GPT-4o's Response Quality Drops for Larger Inputs in Chunked Processing

I’m working on a project where in I need to match two sets of structured data using Gpt-4o model. Since the data is large , I process them in chunks and send them sequentially to avoid Token rate limits.
The agent takes two input files.
The issue I’m facing:

  • The first few chunks give accurate results(Max-2 or 1), correctly classifying transactions into three categories (exact match, possible match, unmatched).-(Sometimes here also some rows are missed)
  • But as the processing continues, the quality drops—some matches are inconsistent, and the responses become less structured.
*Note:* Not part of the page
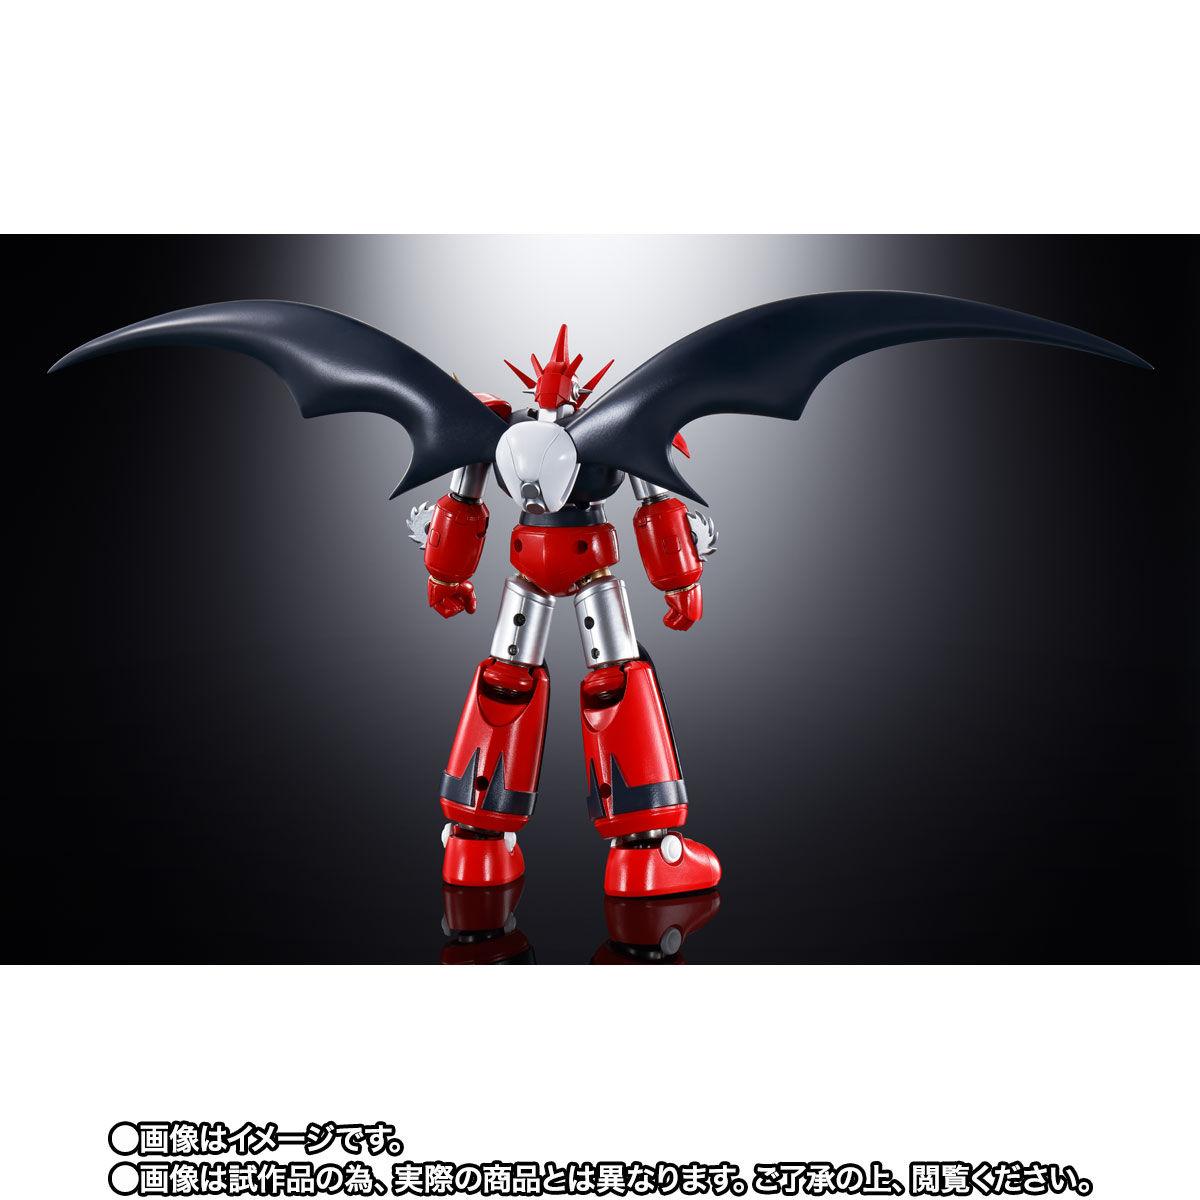 【限定販売】超合金魂『GX-98 ゲッターD2』ゲッターロボ アーク 可動フィギュア-008

How I’m Handling Chunking & API Calls:

  1. Splitting data into chunks of ~50 records each.
  2. Processing each chunk separately by sending it to GPT-4o via ChatCompletion.acreate().
  3. Introducing a delay (2s) between API calls to avoid rate limits.
  4. Final pass: Any unmatched records from the first pass are processed again.

What I’ve Tried:

Adjusting chunk size (tried from 30 to 100 records).
Sent only the required columns needed for matcching to reduce input.
Lowering temperature to 0.2 for consistency.
Including a system prompt to enforce structured JSON output.
Ensuring consistent formatting across chunks.
Adding a retry mechanism for API failures.

Questions:

  1. Why might the model’s response degrade as more chunks are processed?
  2. Is there a better approach to ensure consistency across multiple API calls?
  3. Is there any other alternative where i can upload full data instead of chunking
  4. Do you know about any other method which is fast and efficient and also trustable as record data contains financial work

Any insights or best practices for handling LLM-based 2 files (excel) matching tasks with large structured datasets would be greatly appreciated!